I would not recommend working on a future startup while still at Google,
_unless_ the work is 100% open source and approved. If it's open source,
you'll have an easier time getting it approved if you let Google keep
copyright. This should be fine because they cannot retroactively revoke the
license, so your startup will be able to use it under the terms of the open
source license.

If you're writing proprietary code, you are putting your future startup at
risk. It's not just that Google might come after you (this is actually
unlikely, since it's bad PR for Google), but you may have a hard time getting
investors if your IP rights aren't in order. Investors do care about this
stuff.

California law does not work well as a defense since Google essentially claims
that all code relates to its business in some way.

------
saluki
Chances are you aren't going to create anything GOOG is interested in anyway.
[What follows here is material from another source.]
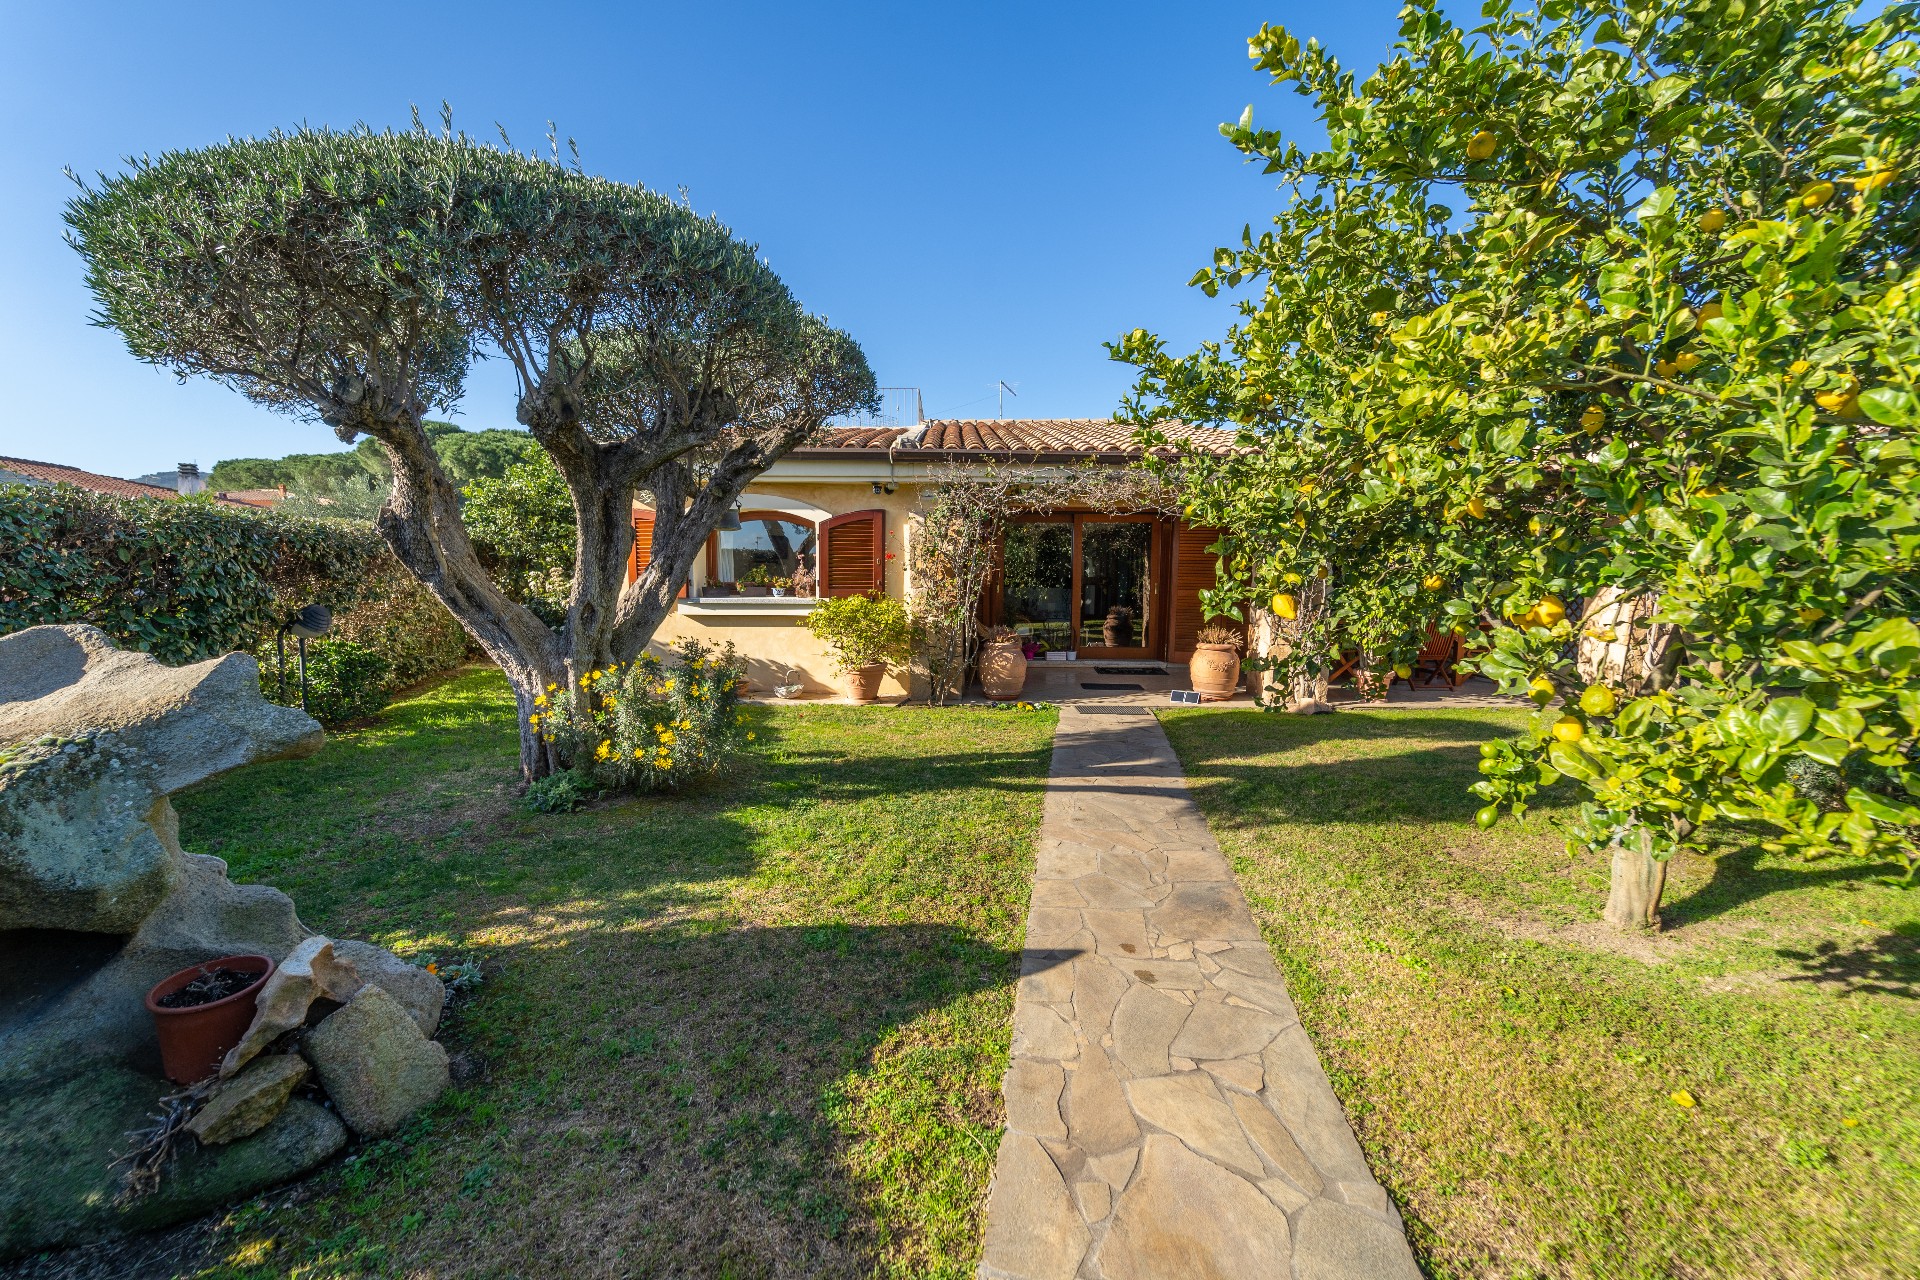 Villa with large, well-kept garden in Porto San paolo

Just don't attach your name to anything you create and don't mention your
projects/businesses to co workers. Don't visit them on company devices or
company wi-fi. If you want set everything up in your wife's name. You can
start out with a sole proprietorship, you can get an EIN number so you don't
have to use your social. Setup an LLC when you get traction on something.
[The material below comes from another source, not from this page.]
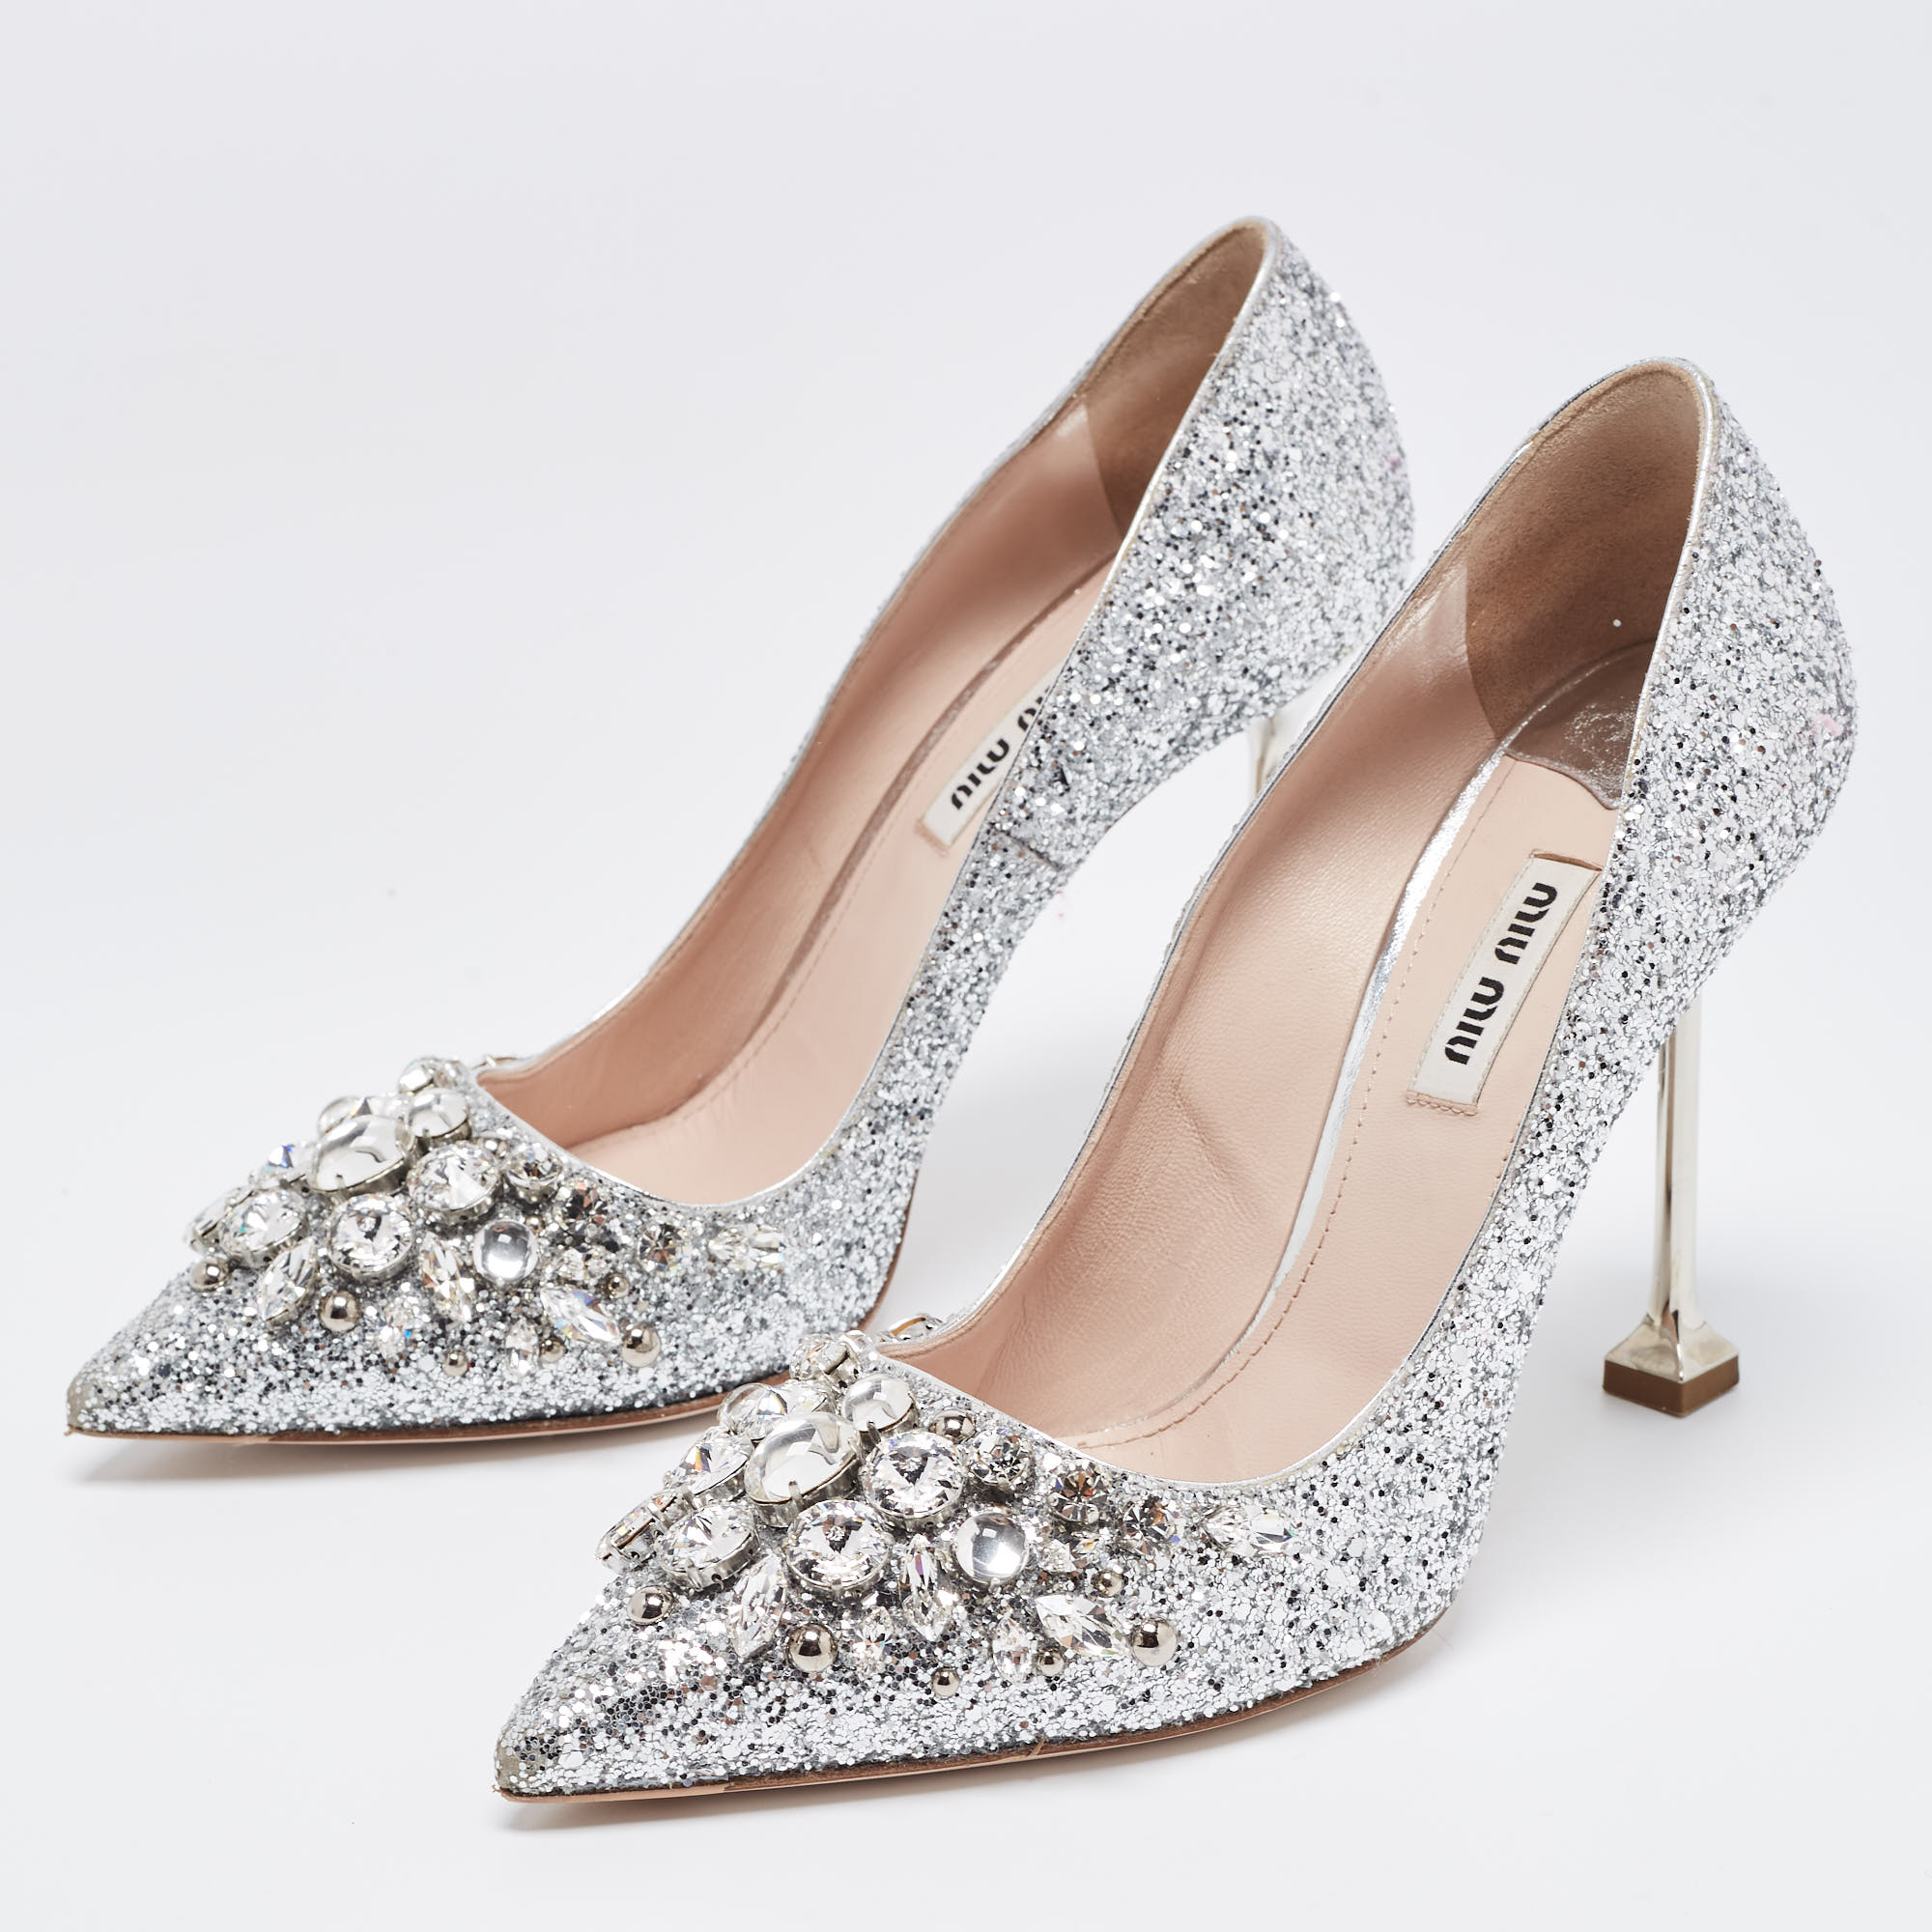 

Miu Miu Silver Studded Glitter Crystal Embellished Pointed-Toe Pumps Size

You should be fine, it's a long road to making something profitable enough to
leave your GOOG job though.

Check out startupsfortherestofus.com, listen to their archives good advice and
you can follow Rob's story. Drop shipping beach towels, online invoicing to an
exit from drip.com.

You'll need to stair setup up to something that replaces your income, so get
started.

------
duxup
I'll echo the talk to a lawyer with expertise in that area, who you hire, have
him look at your contract.

Get advice not just on your contract but how to draw the dividing lines
between work and your other project.

You don't want to find out later some guys on the internet might have been
wrong...

------
muzani
What happened to Google's 20% time policy? I thought that was supposed to be a
creative outlet.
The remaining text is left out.